*** ENTRIES SHOWN ***

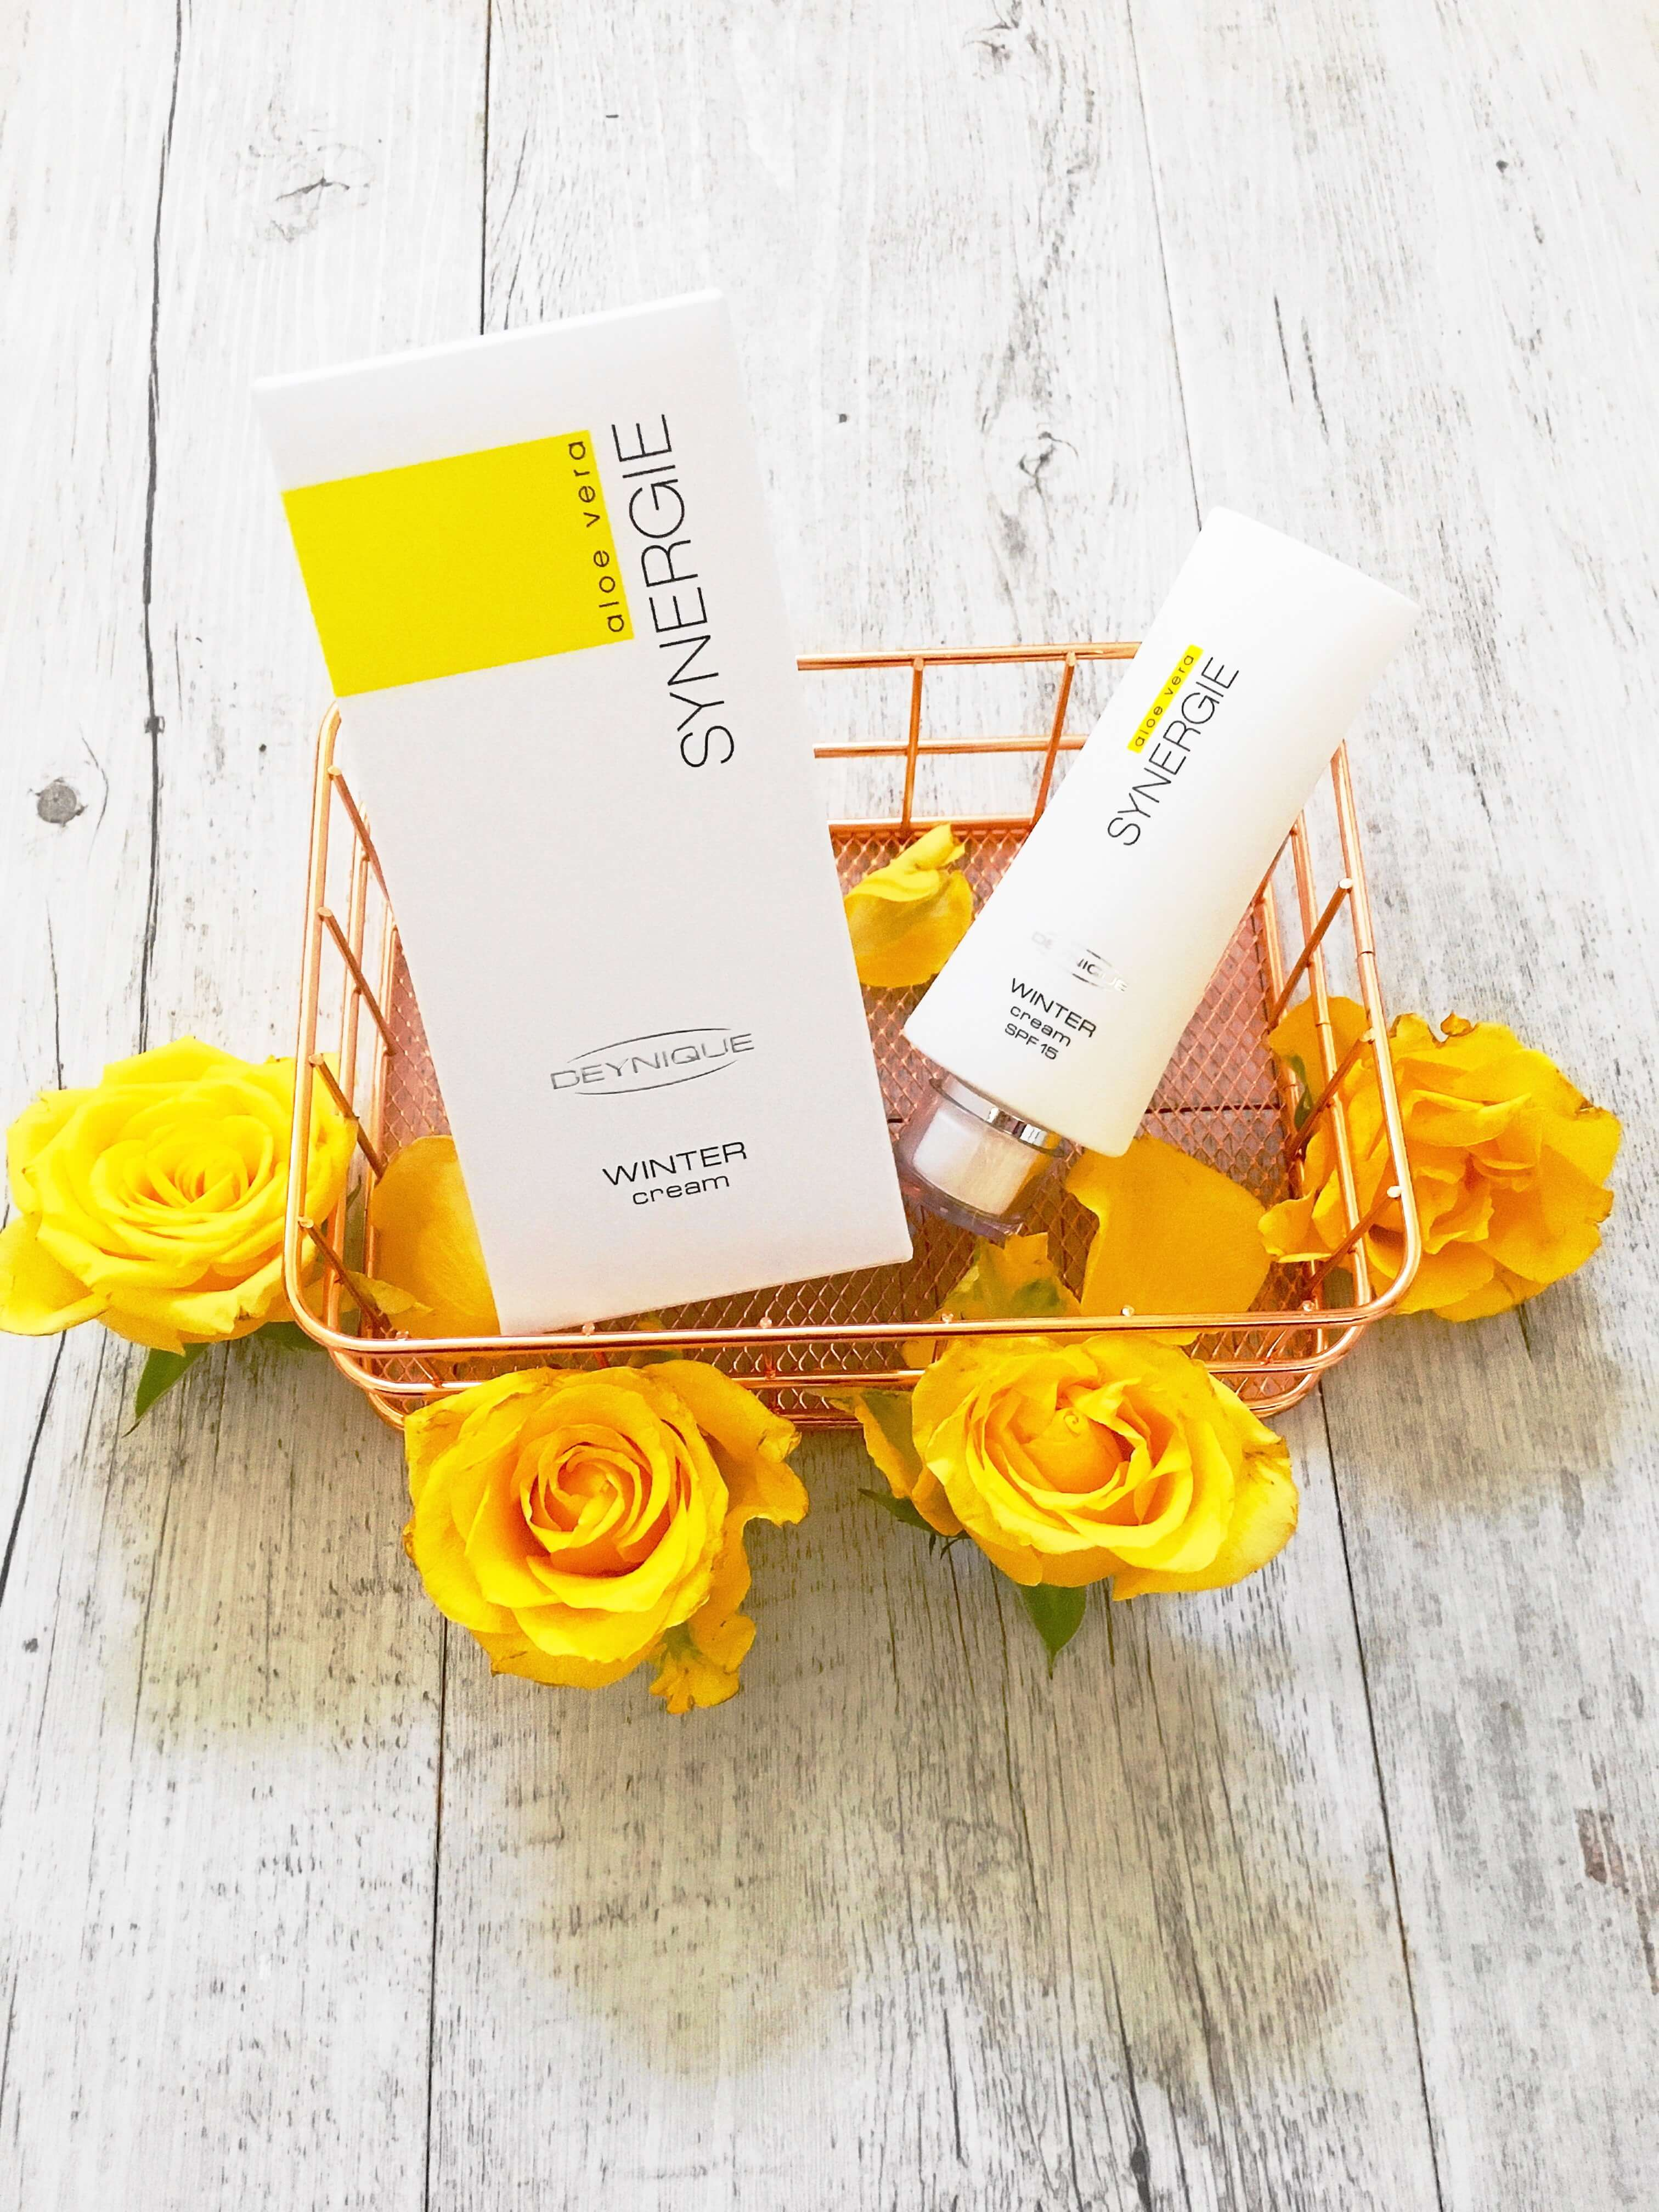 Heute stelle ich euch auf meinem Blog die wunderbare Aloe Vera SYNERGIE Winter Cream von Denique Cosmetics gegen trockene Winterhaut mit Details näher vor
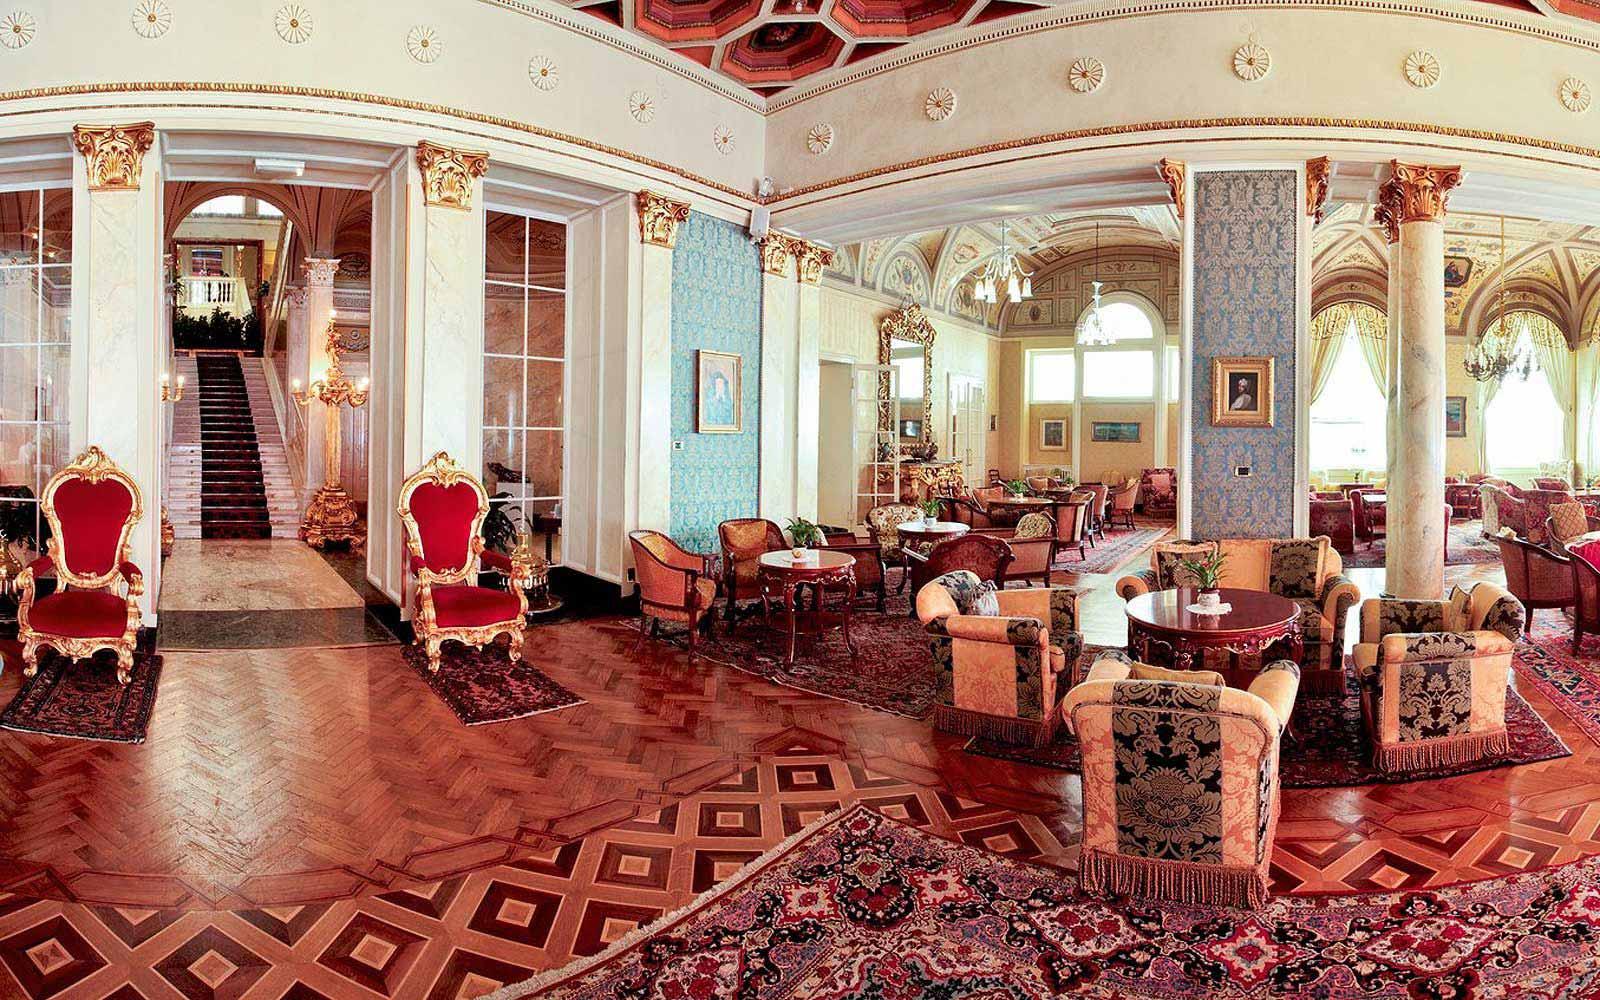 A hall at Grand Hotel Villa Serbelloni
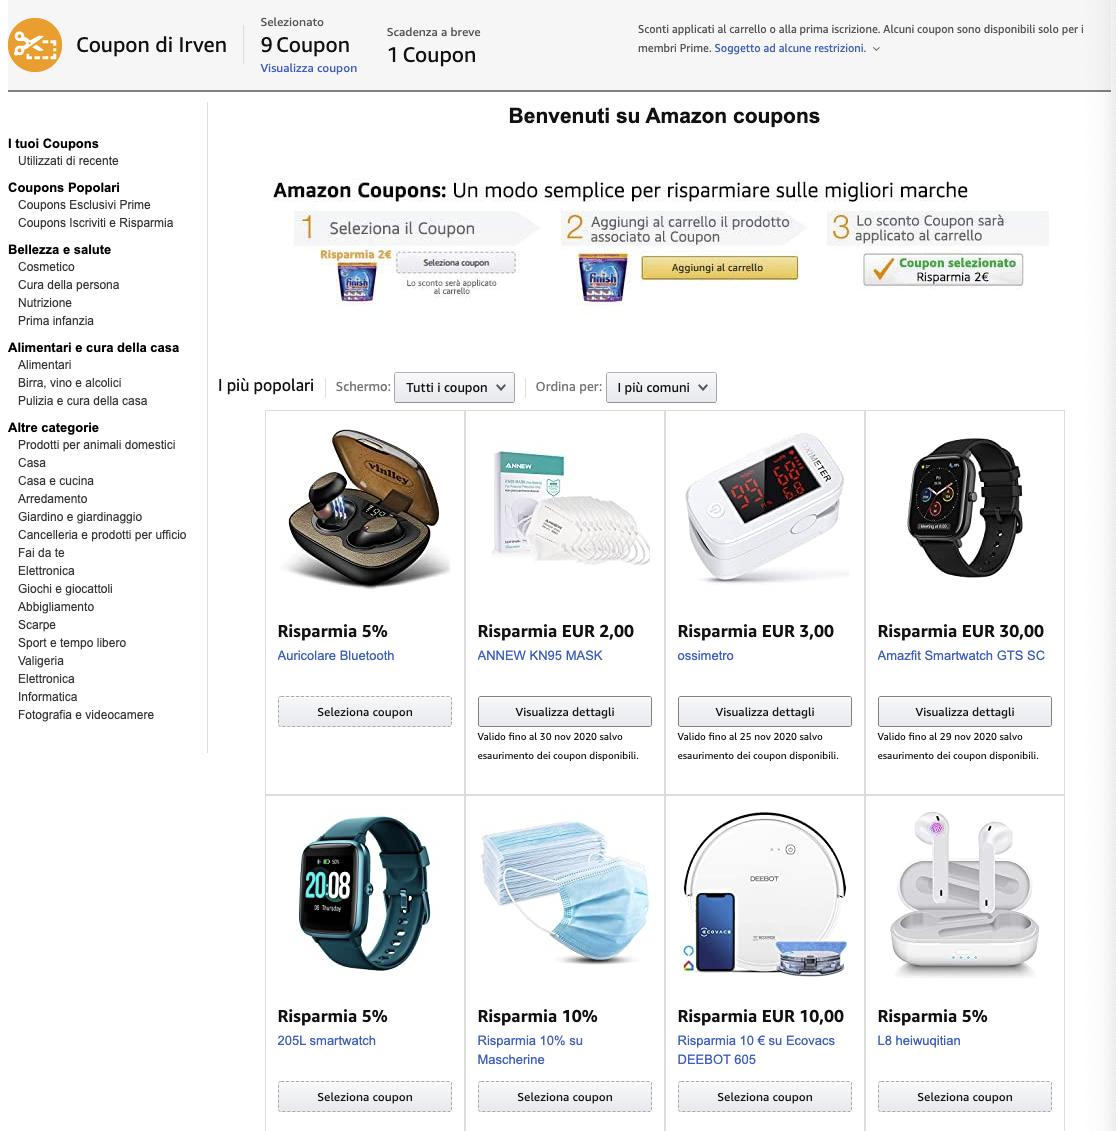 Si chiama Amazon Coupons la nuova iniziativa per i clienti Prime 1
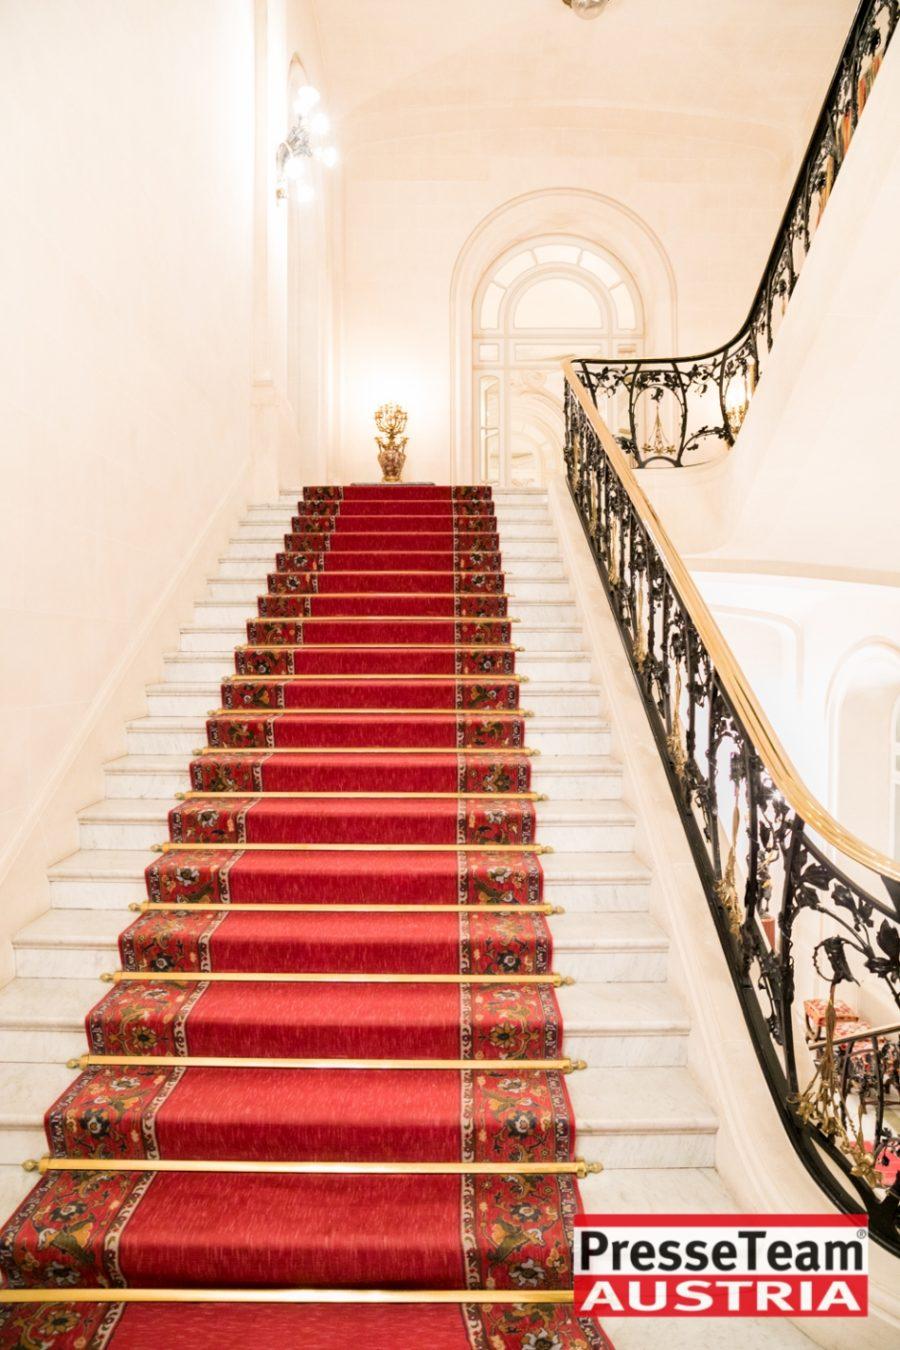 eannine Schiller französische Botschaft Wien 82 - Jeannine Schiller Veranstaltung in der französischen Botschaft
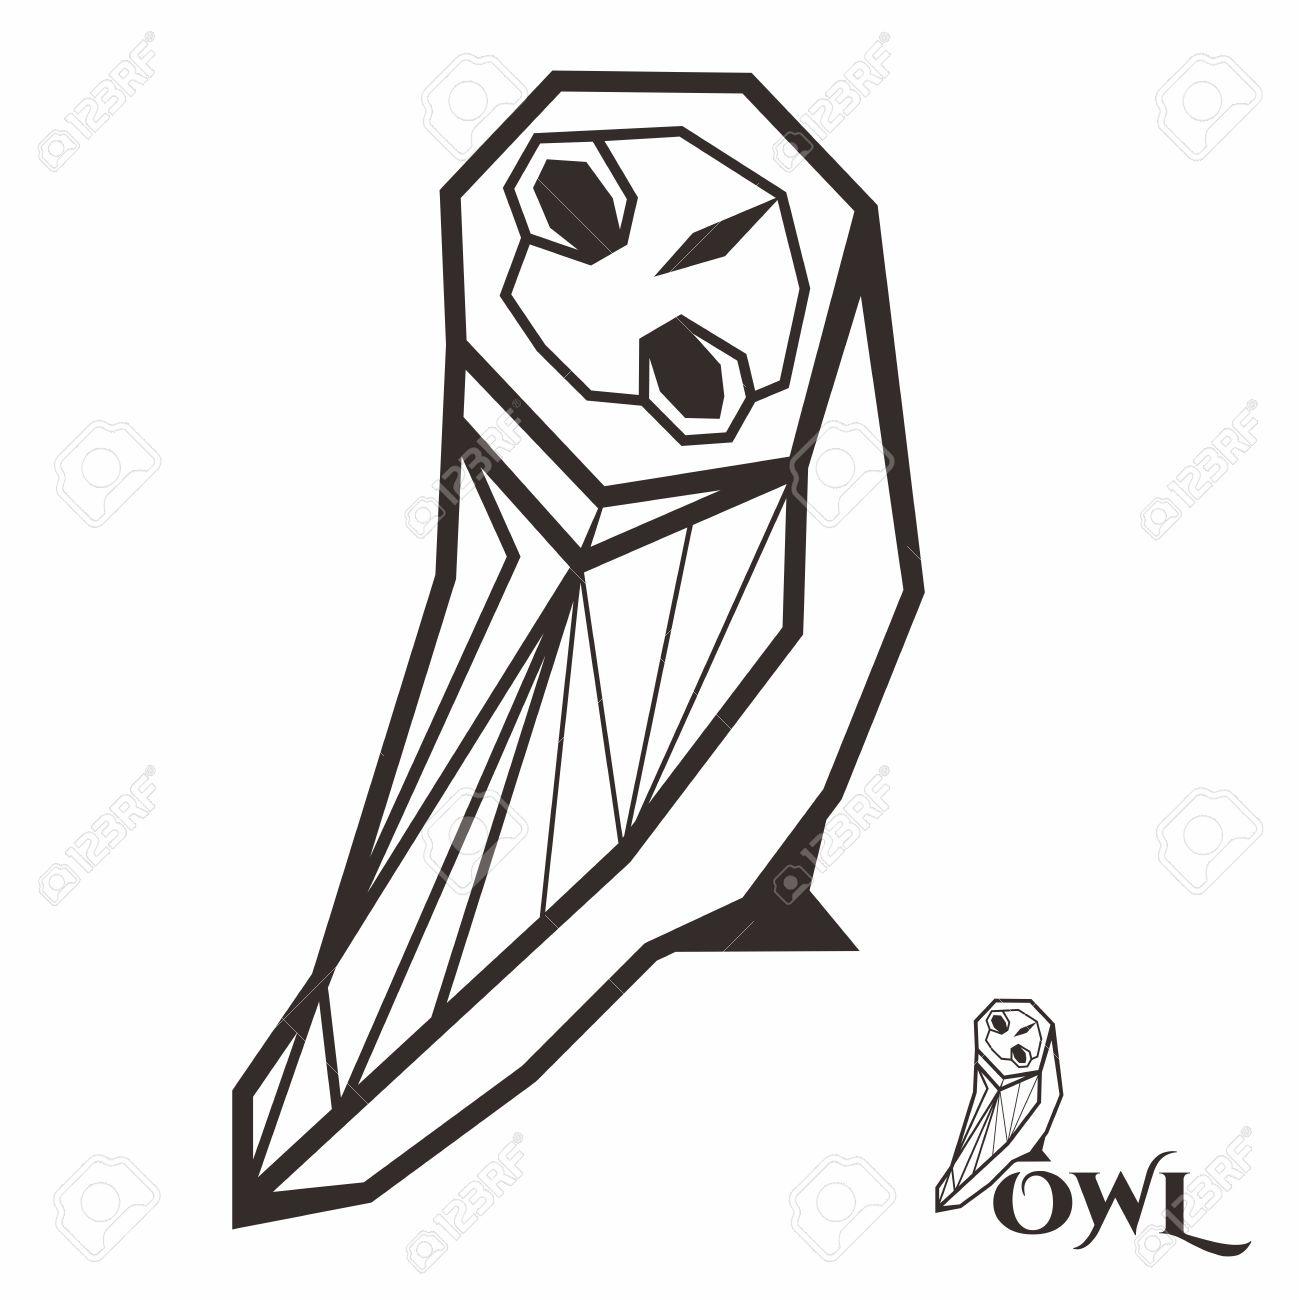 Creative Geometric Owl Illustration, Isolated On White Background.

***

> _EXERCISE DETAILS_
The answer must be an exact copy of the records above, with the pictures left out.

> _ANSWER TO THIS EXERCISE_
 Heute stelle ich euch auf meinem Blog die wunderbare Aloe Vera SYNERGIE Winter Cream von Denique Cosmetics gegen trockene Winterhaut mit Details näher vor
 A hall at Grand Hotel Villa Serbelloni
 Si chiama Amazon Coupons la nuova iniziativa per i clienti Prime 1
 eannine Schiller französische Botschaft Wien 82 - Jeannine Schiller Veranstaltung in der französischen Botschaft
 Creative Geometric Owl Illustration, Isolated On White Background.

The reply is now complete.